As Europe’s post-cold war architecture crumbles in the aftermath of Russia’s invasion of Ukraine’s Crimean peninsula, the prime architect of President Obama’s “reset” policy still argues it has been a great success.
Deputy National Security Advisor Tony Blinken is quoted in today’s Wall Street Journal that Obama’s increasingly lampooned quest to improve relations with Russia by acceding to its economic and military demands “was not a failure”, because “there were areas where it made sense to cooperate with Russia.”
Blinken re-asserted the Administration’s now discredited mantra that “We don’t see the world in zero sum terms,” and echoing his boss, continued to suggest that the Obama Administration’s has a better understanding of Russian national interests than do the Russians themselves.”
“A successful, integrated Ukraine,” Blinken said, “is not only good for Ukraine, it is good for Russia.”
The Journal reports that even after yesterday’s Russian annexation of Crimea, the State Department and Secretary Kerry still cling to the ‘reset’ as the most effective approach to engaging Russia. The Journal quotes an unnamed State Department official who rejected charges that the reset has failed by pointing to the fact that “Mr. Kerry continues to talk with (Russian Foreign Minister Sergei Lavrov) Mr. Lavrov almost daily,” and that the State Department “still does not rule out having direct talks with Mr. Putin.”
In a particularly scathing rebuke to the efficacy of President Obama’s continued belief that personal diplomacy remains the best way to limit Russian military aggression, the Journal reports that last week, at the height of the crisis in Crimea, during supposedly high level talks with US Secretary of State John Kerry, Russian Foreign Minister Lavrov was unable to get instructions from Moscow because his boss, President Vladimir Putin refused to take his calls.

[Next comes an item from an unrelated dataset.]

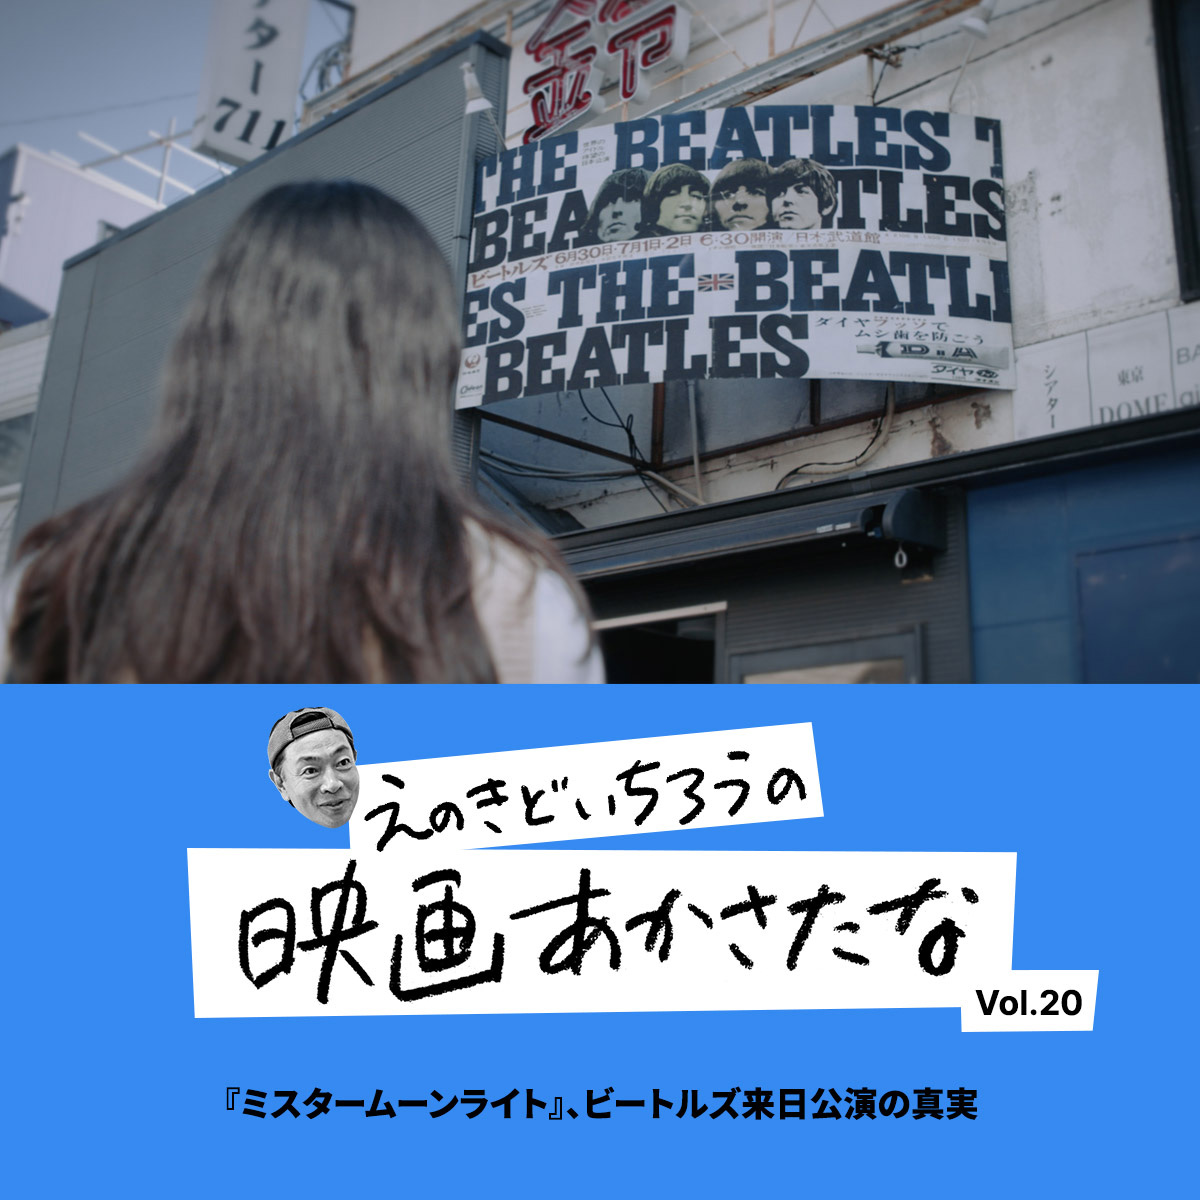 『ミスタームーンライト』、ビートルズ来日公演の真実【えのきどいちろうの映画あかさたな Vol.20】

Next week, President Obama travels to the Hague to make yet another speech on behalf of nuclear non-proliferation. There has been no word yet from Kiev as to whether Ukraine – which in 1994 unilaterally relinquished its entire nuclear arsenal, then the world’s third largest, in exchange for US, British and Russian guarantees that’s its territorial integrity would be respected and defended – will be in attendance to listen to President Obama’s appeal.